Aetherium.ai is a project that allows users to interact with text, images, audio, and PDFs through a chat interface powered by various AI models. It provides a convenient way to leverage AI functionalities for different data types.

Features

  • Quantized Model Integration: This app utilizes "quantized models" designed for efficient operation on regular hardware. These models offer similar performance to their larger counterparts while requiring less computational power. Quantized Models from TheBloke: https://huggingface.co/TheBloke

  • Audio Chatting with Whisper AI: Aetherium.ai integrates Whisper AI for robust audio transcription, enabling seamless audio messaging and natural conversation flow through voice input. Whisper models: https://huggingface.co/collections/openai/whisper-release-6501bba2cf999715fd953013

  • Image Chatting with LLaVA: LLaVA, a fine-tuned LLaMA model, is integrated for image processing. It utilizes CLIP models to generate image embeddings, allowing the app to understand and respond to visual content, making image-based chat interactions more engaging. llama-cpp-python repo for Llava loading: https://github.com/abetlen/llama-cpp-python

  • PDF Chatting with Chroma DB: For professional and academic users, Aetherium.ai leverages Chroma DB, a vector database, enabling efficient interaction with local PDFs. Users can directly engage with their PDF content, extracting insights, summaries, and conversing with the text within the documents. Chroma website: https://docs.trychroma.com/

Getting Started

To set up Local Multimodal AI Chat, clone the repository and follow these steps:

Note: These instructions assume you already have Python and pip installed.

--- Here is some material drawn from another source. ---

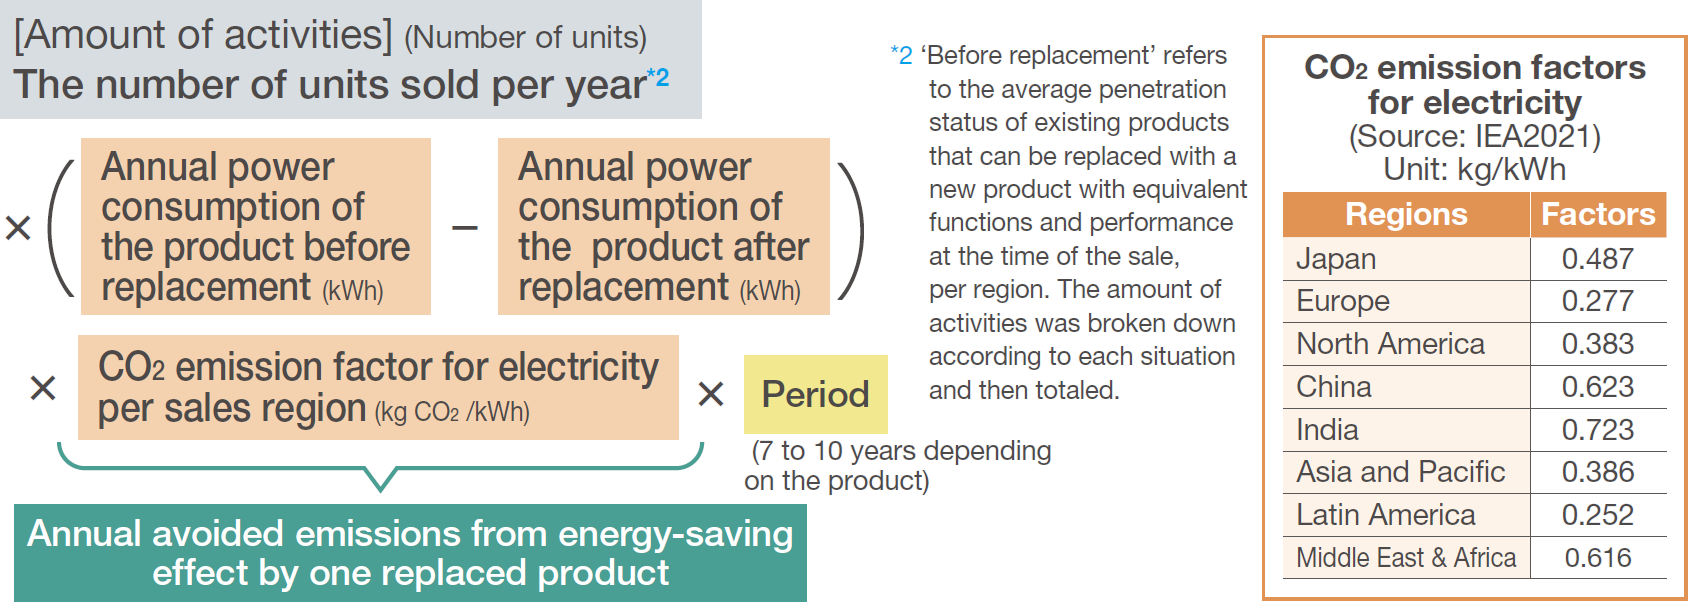 [Amount of activities] (Number of units) The number of units sold per year*2 * (Annual power Unit: kg/kWh consumption of the product before replacement (kWh) - Annual power consumption of the product after replacement (kWh))*CO2 emission factor for electricity per sales region (kg CO2 /kWh) * Period(7 to 10 years depending on the product) Annual avoided emissions from energy-saving effect by one replaced product *2 'Before replacement' refers to the average penetration status of existing products that can be replaced with a new product with equivalent functions and performance at the time of the sale, per region. The amount of activities was broken down according to each situation and then totaled. CO2 emission factors for electricity (Source: IEA2021)Unit: kg/kWh Regions:Factors,  Japan:0.487, Europe:0.277, North America:0.383, China:0.623, India:0.723, Asia and Pacific:0.386, Latin America:0.252, Middle East & Africa:0.616

  1. Download Models (GGUF Format):

    • Choose the models you want to use from Hugging Face (https://huggingface.co/), ensuring compatibility with the project and availability in GGUF format.
    • Download the model files specifically in the .gguf format and place them in the models folder within the project directory.
  2. Download LLaVA Files (Required):

    • LLaVA files are mandatory for this project's image processing functionalities.
    • Download the necessary LLaVA files (e.g., ggml-model-q5_k.gguf, mmproj-model-f16.gguf).
    • Place these files in a separate folder named llava within the project directory.
  3. Update Configuration File:

    • Open the config.yml file in a text editor.
    • Locate the sections for each model (e.g., mistral, llava).
    • Update the model_path key in each section with the correct path to the downloaded model file(s) in the models or llava folder (depending on the model).
  4. Optional - Change Profile Pictures:

    • Place your user and/or bot profile pictures (user_image.pnd and/or bot_image.png) in the chat_icons folder.
  5. Run the Application:

    • Open a terminal or command prompt and navigate to the project directory.

    • Run the following commands:

      1. python3 SetupDatabase.py (Initializes the sqlite database for chat sessions)
      2. streamlit run main.py (Runs the application)

Note: After running streamlit run main.py, a web interface will launch in your default browser. You can interact with the chat interface using text, images, audio, or uploaded PDFs based on the models you downloaded and configured.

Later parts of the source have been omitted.